By Claude Ménard and Mary M. Shirley
We posted a brief summary of this forthcoming volume.* The table of contents can be found here. Below are three abstracts of chapters to give you a flavor of the book.
Contracting in Innovative Industries
By Richard Gil (Johns Hopkins University) & Giorgio Zanarone (CUNEF)
Given the increasing role of creation and innovation in the world economy and the pervasive informational problems that plague contractual relationships between firms and creative agents, innovative industries constitute a natural and intriguing battlefield for researchers interested in the study of organizations, institutions, and governance. This paper draws on organizational economics to illustrate the contracting frictions and governance solutions that arise in industries and processes where innovative and creative efforts are the key inputs. We point out open questions and gaps that emerge from the existing empirical evidence and provide recommendations that we hope will inform future researchers, industry practitioners, and policymakers.
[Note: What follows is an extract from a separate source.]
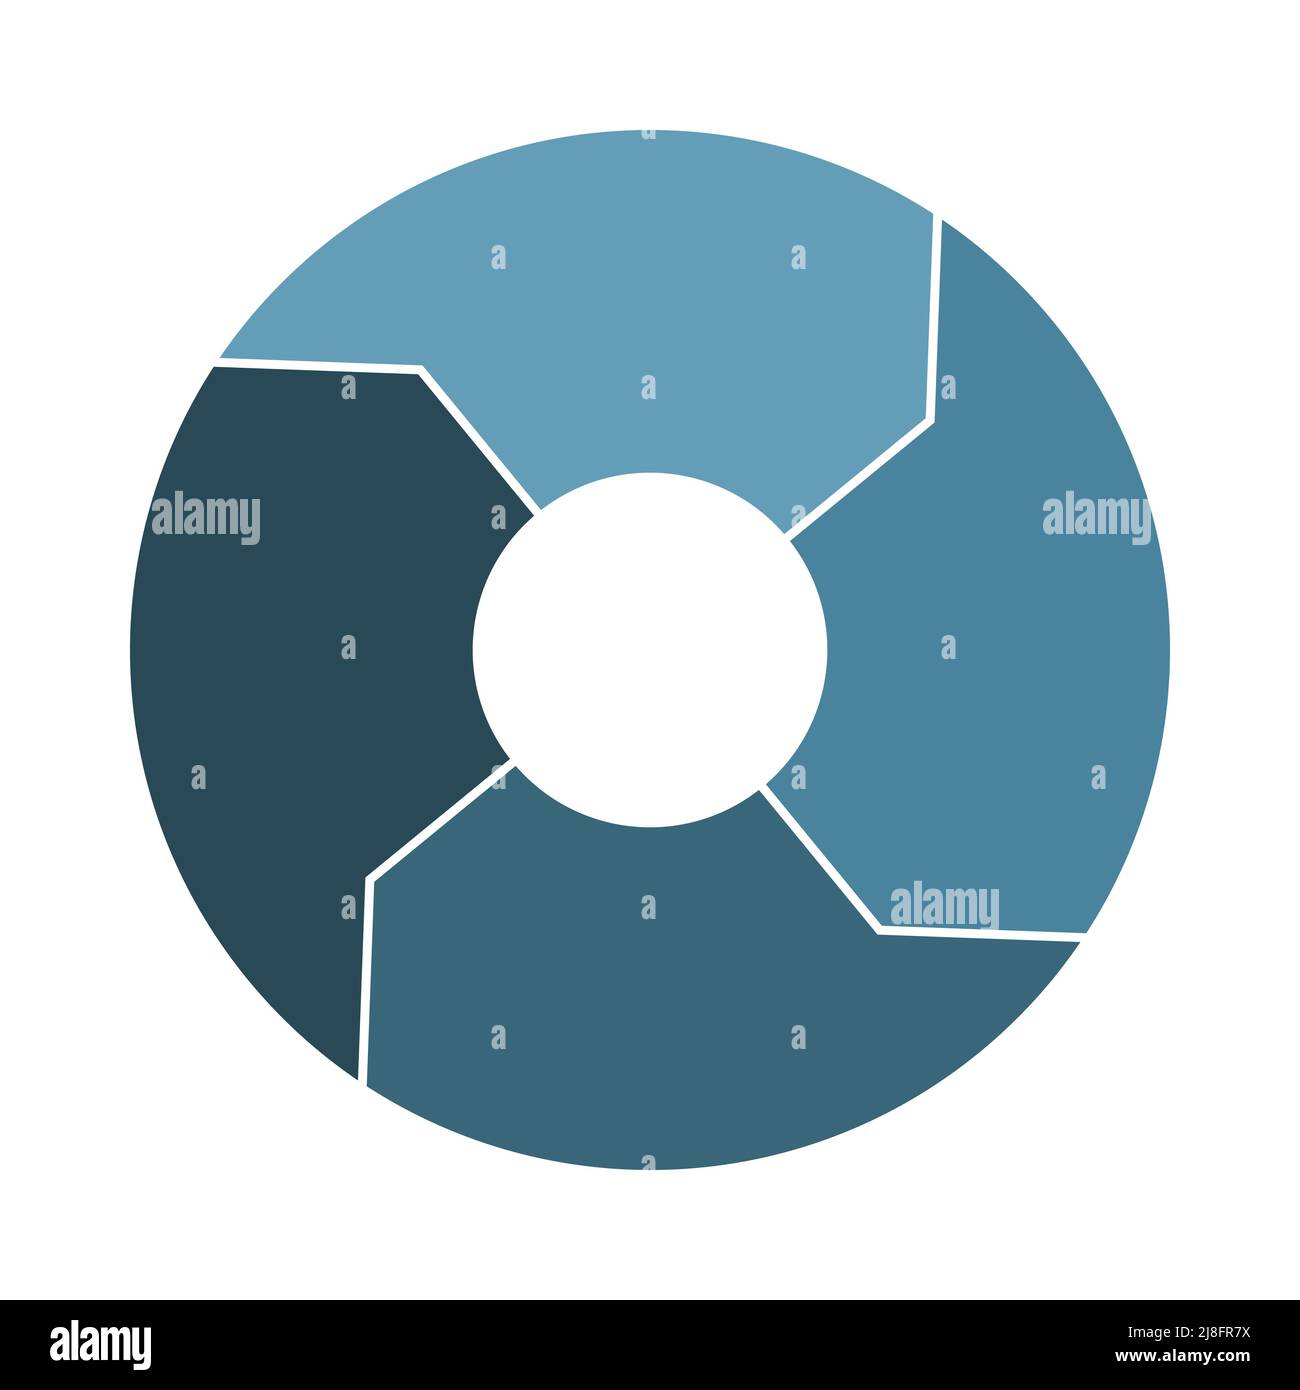 Lebenszykluszirkulation mit 4 Pfeilen. Infograph mit vier dicken Teilen. Infografiken aus blauem Stahl in Marineblau. Flache Vektorgrafik. Stock Vektor

Corruption and the New Institutional Economics
By Miriam Golden (UCLA)
Corruption is common in poor and middle-income countries, but relatively infrequent in wealthy ones. How does corruption decline with modernization? In this essay, I consider two ways that analytical tools that derive from the New Institutional Economics may contribute to a better understanding of corruption and modernization. First, even where laws prohibit corruption, it often persists. How do cultures of corruption develop, and how can they be changed? Second, how do anti-corruption interests organize politically to change institutions that facilitate patronage and discretion, replacing them with meritocratic, formula-bound ones?
Data Science for Institutional and Organizational Economics
By Jens Prüfer (Tilburg University) and Patricia Prüfer (Tilburg University)
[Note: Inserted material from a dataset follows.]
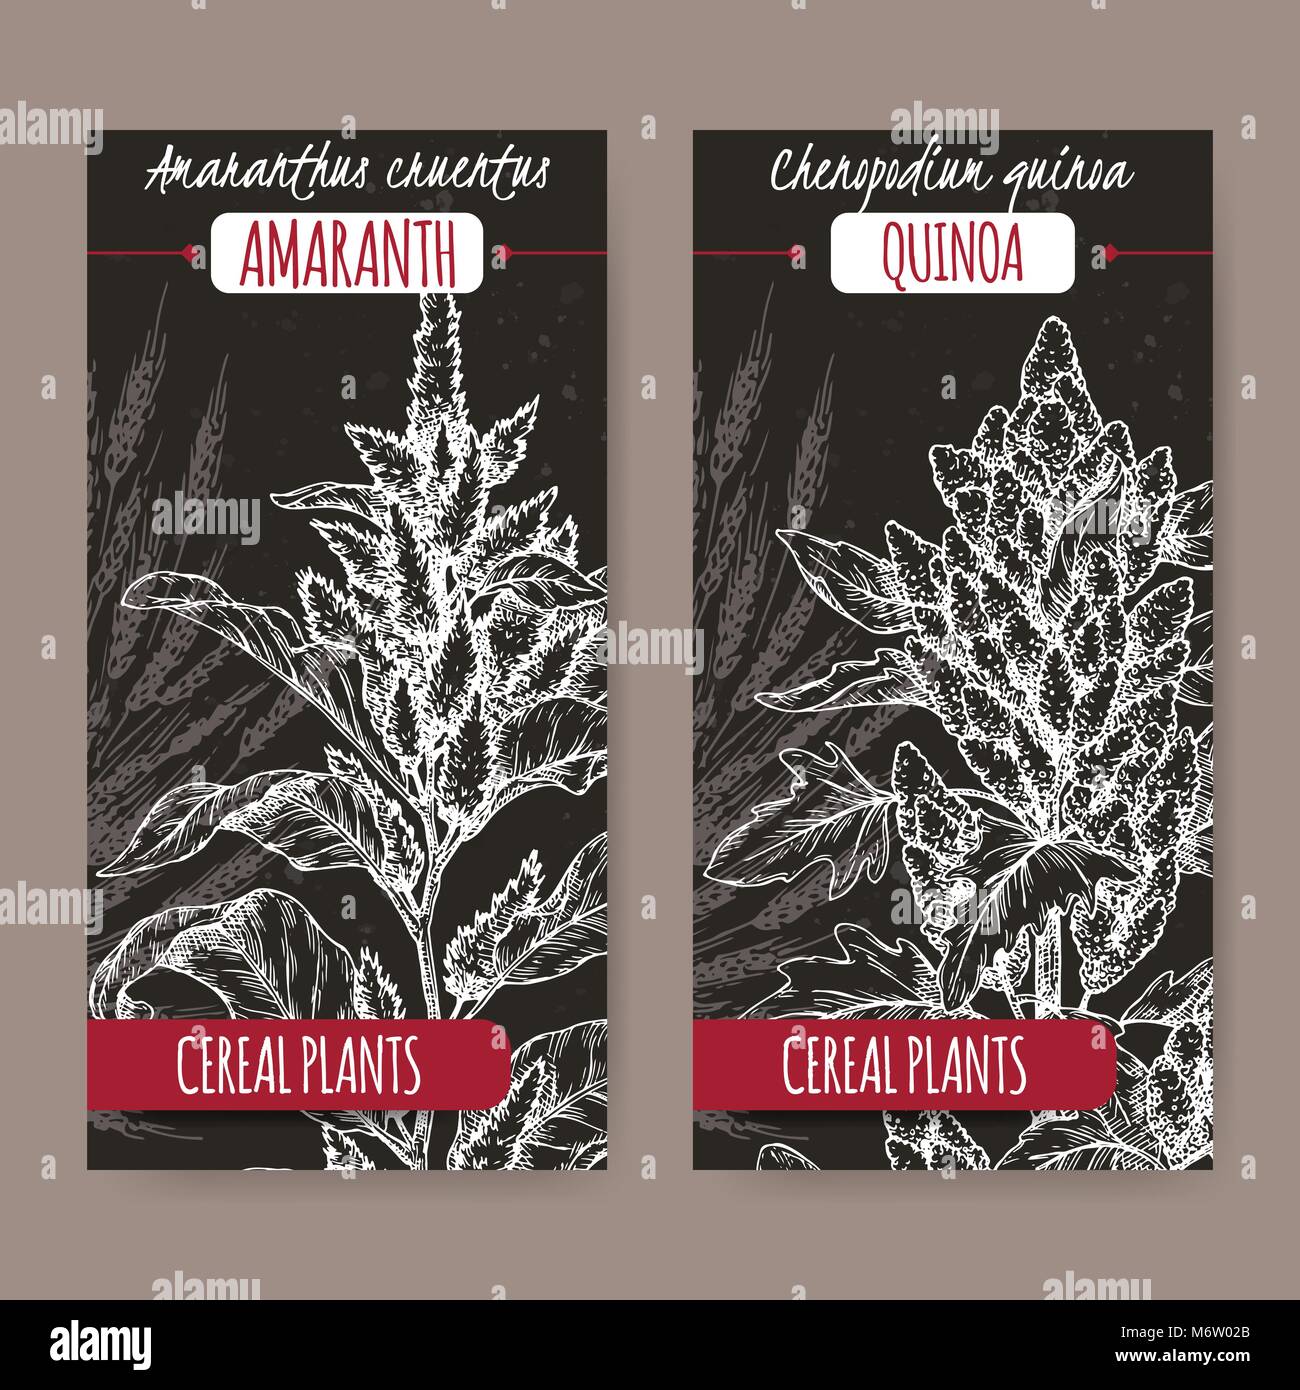 Deux étiquettes avec Amaranthus cruentus aka amaranth et Chenopodium quinoa sketch sur noir. Collection de plantes céréalières. Illustration de Vecteur

To which extent can data science methods – such as machine learning, text analysis, or sentiment analysis – push the research frontier in the social sciences? This essay briefly describes the most prominent data science techniques that lend themselves to analyses of institutional and organizational governance structures. We elaborate on several examples applying data science to analyze legal, political, and social institutions and sketch how specific data science techniques can be used to study important research questions that could not (to the same extent) be studied without these techniques. We conclude by comparing the main strengths and limitations of computational social science with traditional empirical research methods and its relation to theory.
*A Research Agenda for New Institutional Economics, Claude Ménard and Mary M. Shirley, eds., Edward Elgar Publishers, forthcoming in 2018.